AIM OF THE TASK => A verbatim transcript of the data that follows, free of images, is the expected result.

SUPPLIED MATERIAL =>
++++++
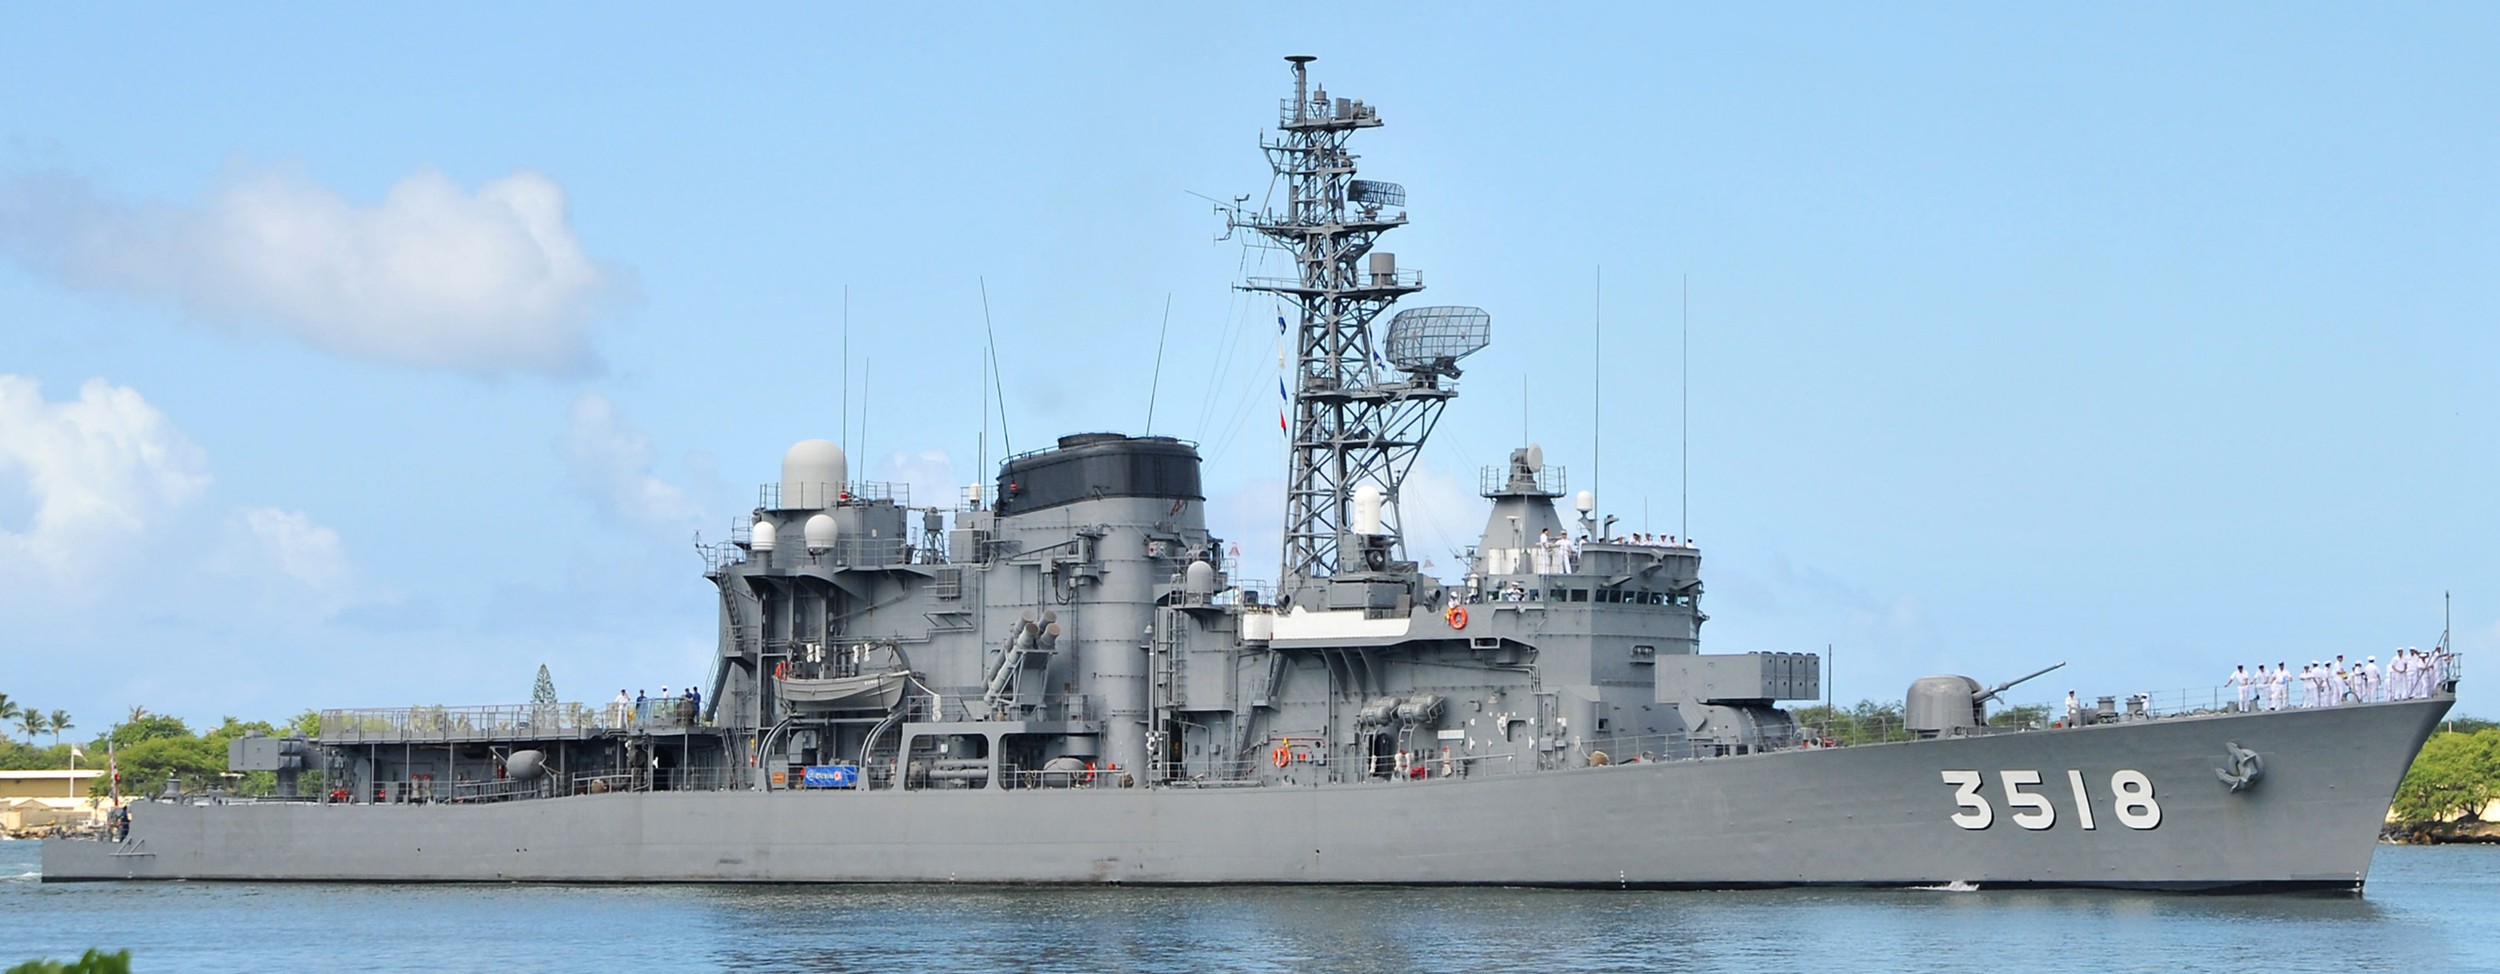 dd-131 tv-3518 jds setoyuki hatsuyuki class destroyer japan maritime self defense force jmsdf 04
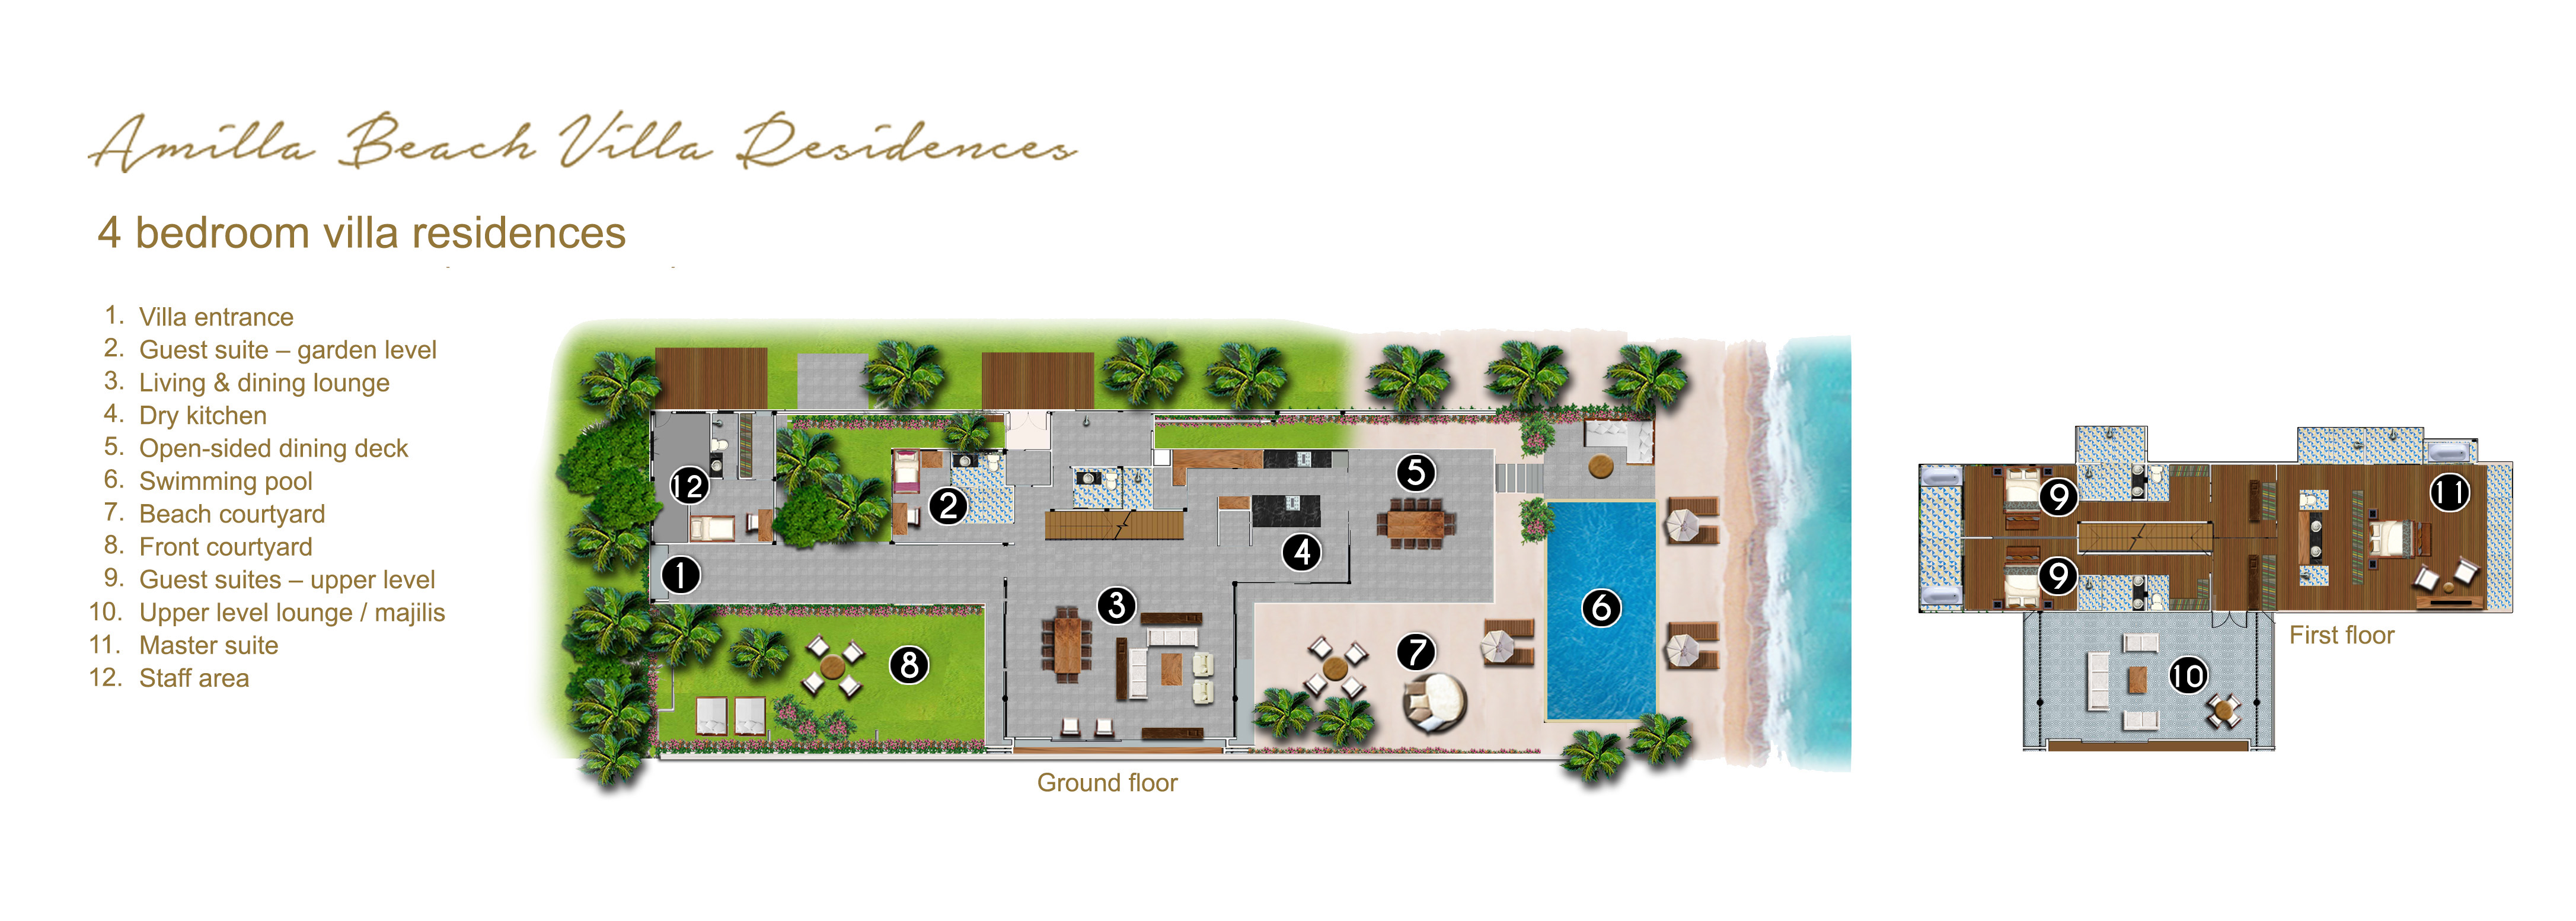 Amilla Beach Residences - 4 bedroom villa residences
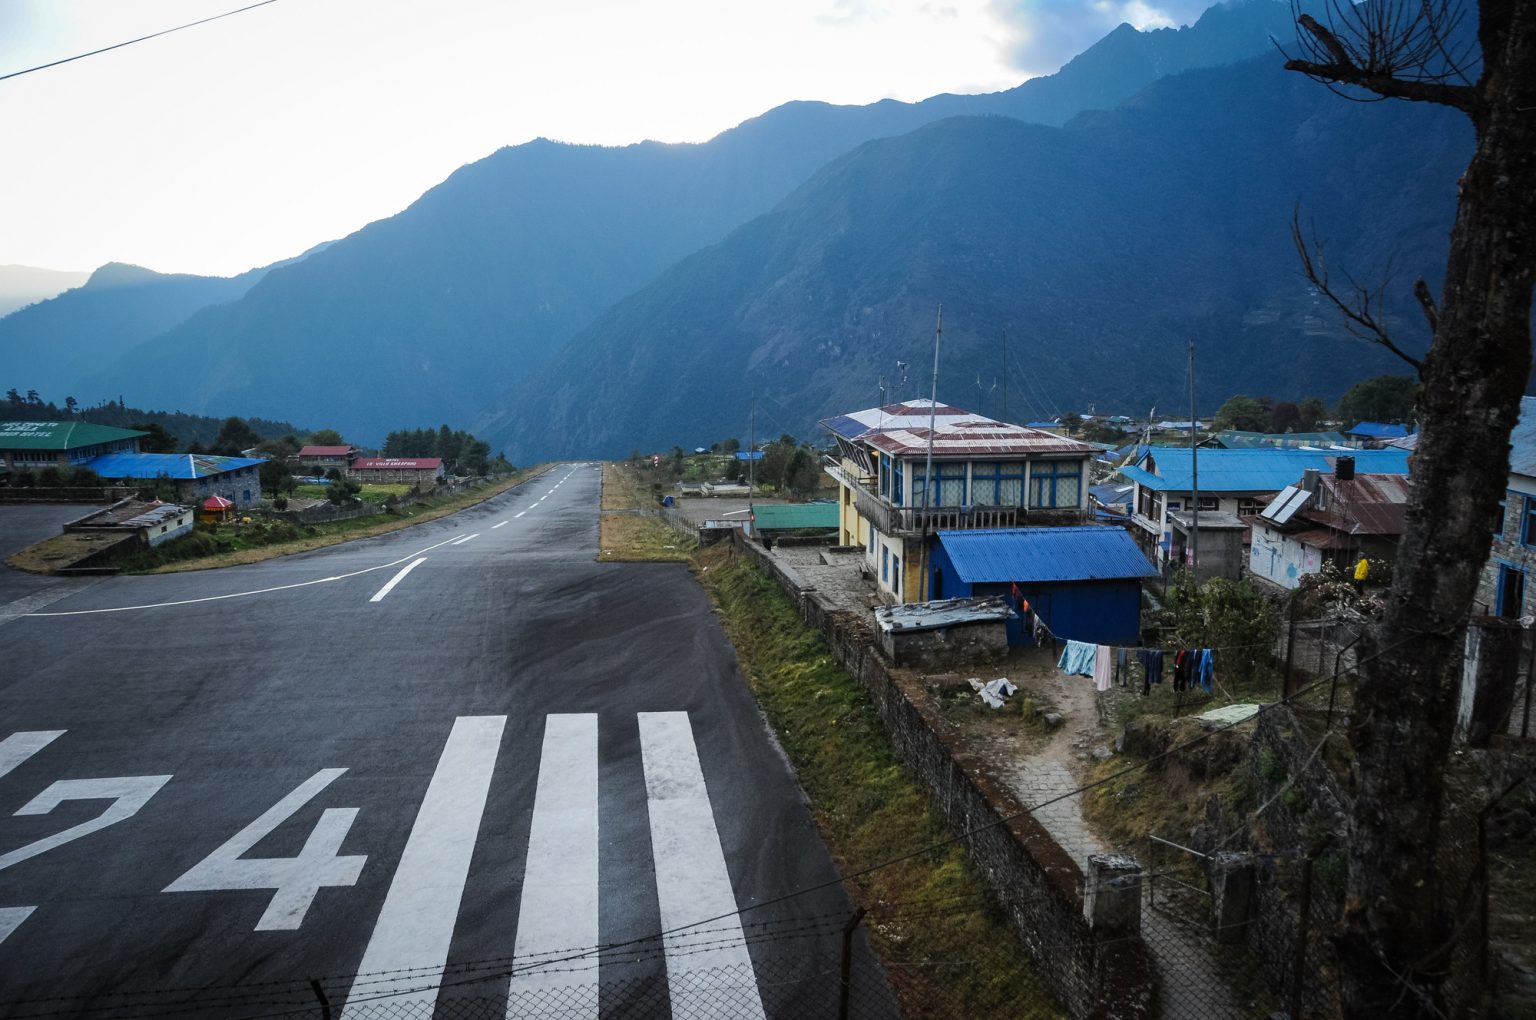 Lukla airport, Nepal - By Mountain People
++++++
ANSWER SECTION =>
 dd-131 tv-3518 jds setoyuki hatsuyuki class destroyer japan maritime self defense force jmsdf 04
 Amilla Beach Residences - 4 bedroom villa residences
 Lukla airport, Nepal - By Mountain People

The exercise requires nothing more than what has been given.